An interesting thing to consider is the definition of God. God was male and except for a few instances, was quite anthropomorphic, managing reality through a human’s eye. Would the reader consider the word ‘singularity’ as the latest definition of God? In quantum physics, this is the definition:

In scientific terms, a gravitational singularity (or space-time singularity) is a location where the quantities that are used to measure the gravitational field become infinite in a way that does not depend on the coordinate system. In other words, it is a point in which all physical laws are indistinguishable from one another, where space and time are no longer interrelated realities, but merge indistinguishably and cease to have any independent meaning.

Another interesting example is comparing the Old Testament’s Ten Commandments [Exodus 20:2-17], Islam’s Sharia Law [see Post titled Sharia Law] and Christianity’s Sermon on the Mount [Matthew 5]. Reading the words suggests vastly different objectives but the subject is the same: What is the best way to manage humanity?

This post is Mariner’s way of introducing the reader to a new way of looking at religion. The traditional way has caused wars, social upheaval and ridiculous fragmentation as politics, culture and technology grind the virtues of life into a useless pile of crumbs.

However, AI is eager to help 21st century humans throw everything into a dishwasher and produce an amalgamated religion appropriate for our modern culture(s).

We need Cybele and her lions . . . .

Ancient Mariner

What should we pack when we go to Heaven?

What with it being the Christian holiday season and what with the world we live in today, mariner’s mind turned to revisiting the Gospels. For his entire life he has struggled with some of the metaphors interpreted by most readers as more literal than they imply. He doesn’t take the Scriptures literally as many readers do; rather, he is prone to searching for behavioral truths.
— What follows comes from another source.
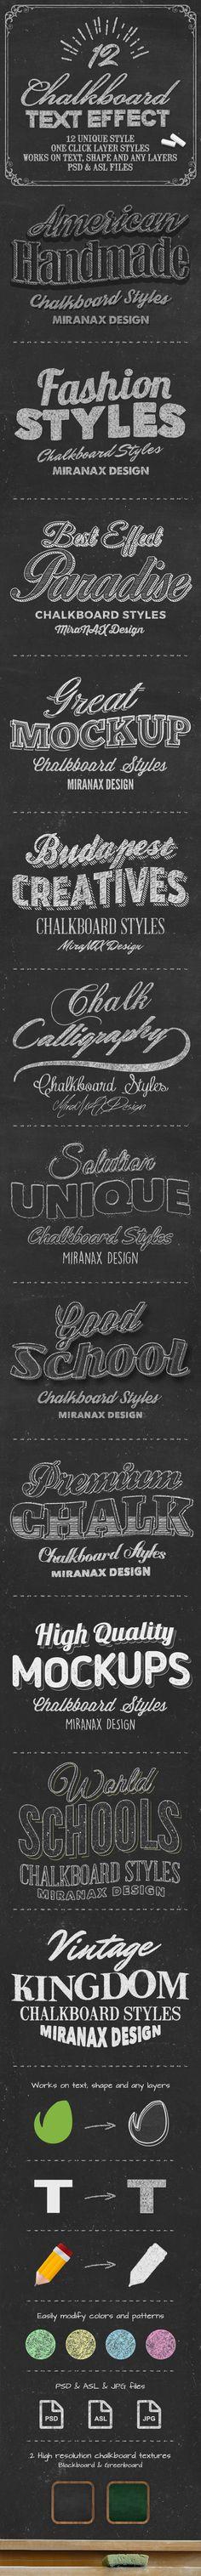 Chalkboard Styles #photoshop Download here: http://graphicriver.net/item/chalkboard-styles/10785351?ref=ksioks

A significant confusion is the issue of heaven. Since he was a small boy, he wondered where heaven was, given all the family reunions people were counting on.

He focused on this issue as he revisited the Gospels. Owning three versions of the Holy Bible, he even checked out the difference in nuances from different versions. What emerged was a difference in reader perception as to when we would “go to heaven”. Noting all the references to the reward that we would sit at the right hand, or be with the Father, etc., the common Biblical inference is that sitting with the Father is an instant reward: do something nice for someone and you will feel good about yourself in a special way. One doesn’t have to die to be with God. This ‘instant’ reward fits with the core theology of the Trinity, which is a constant dynamic between God, Jesus and humans.
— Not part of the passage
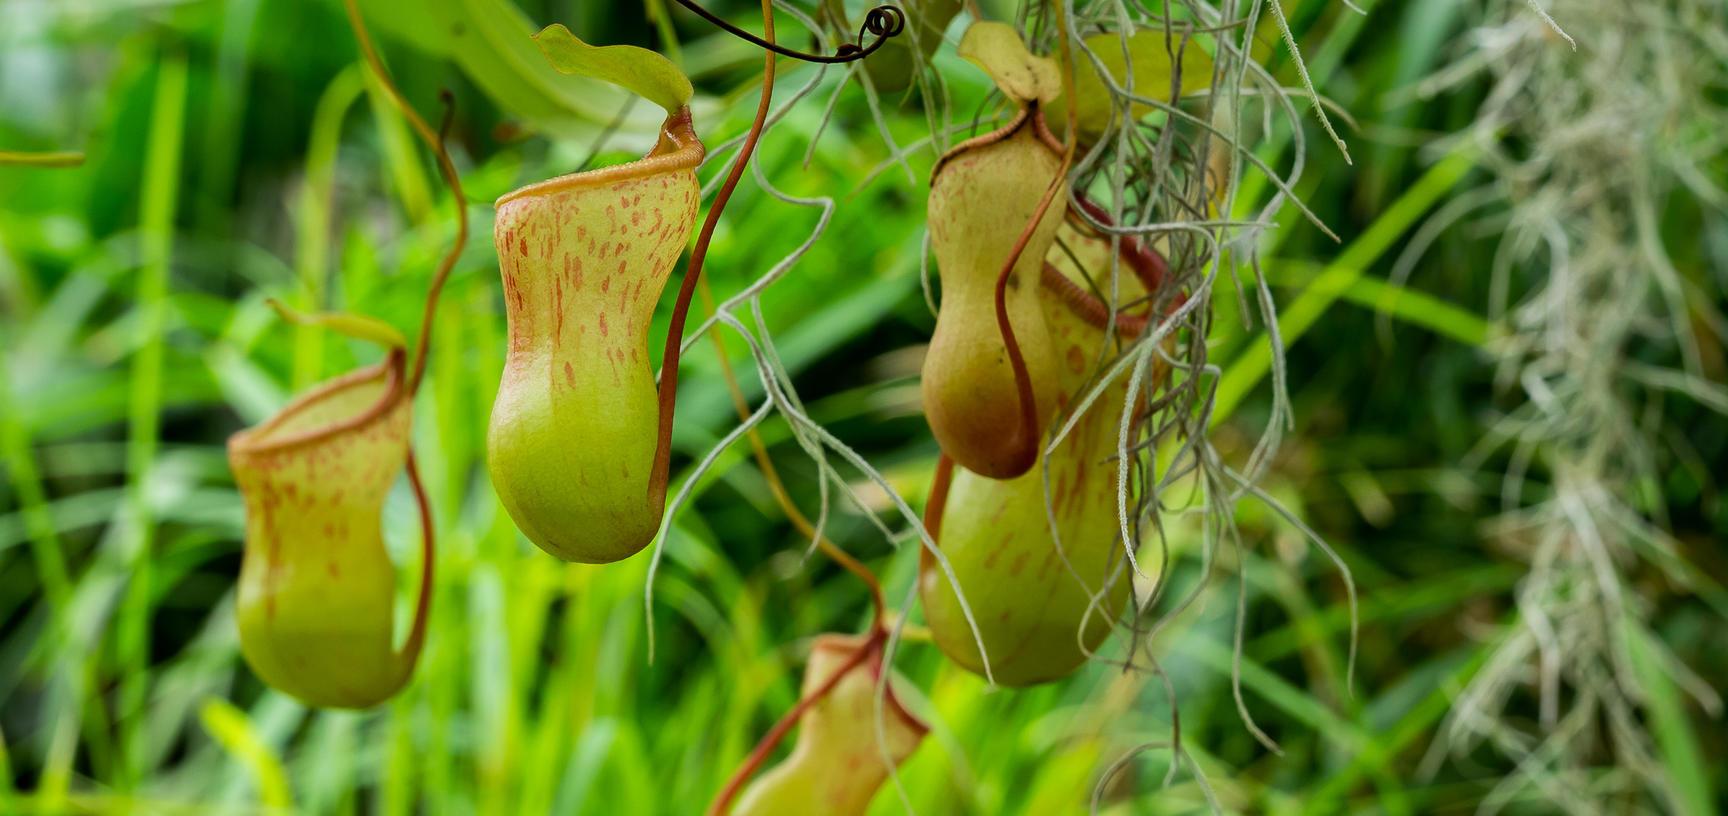 Nepenthes_p1012349.jpg

Feeling the Heavenly Spirit in one’s self is a direct cause and effect situation. The example in action is the Good Samaritan parable offered immediately following the Beatitudes and the two great commandments. [Matthew 5] Doing good deeds can’t be put in ‘heaven’ savings accounts. The reward is immediate.

When mariner was a preacher, he often had difficulty understanding why believers chose Christianity as a self-reward responsibility. Jesus makes it very clear that it’s the proactive event that has merit; it’s about helping the other person, not scoring heaven points. In fact, a perfect Christian would never, ever think about what they wanted for themselves.

It is true that putting off the heavenly experience until later when one’s own life is finished seems easier. But Christianity is a ‘do it now then do it again and again – no personal credit allowed’

So we don’t have to worry about the logistics of Armageddon and the Second Coming; it happens all the time. Do a good deed and Jesus chooses you immediately!

Ancient Mariner

The Plastic Christmas

Mariner is just old enough to remember when an important holiday event included acknowledging the religious significance of the season. Church services and the rituals of Hanukkah and even of Kwanzaa were a not-to-be-missed event during the holidays.

Except in the most ecclesiastical circles, this is no longer the case. Why? The cultures of the entire planet seem to be melting away but nothing seems to be taking their place.

It is his speculation that participation in spiritual rituals is a personal, perhaps private experience. Rituals are for restoring order and allegiance to ‘absolute’ reality, for realigning faith in self through unity in universal holiness. He suspects that the importance of survival and continuity in daily life may be the provocation for realigning one’s life with spiritual guidelines. Each of the religions mentioned has a common thread that says “faith will make you whole”.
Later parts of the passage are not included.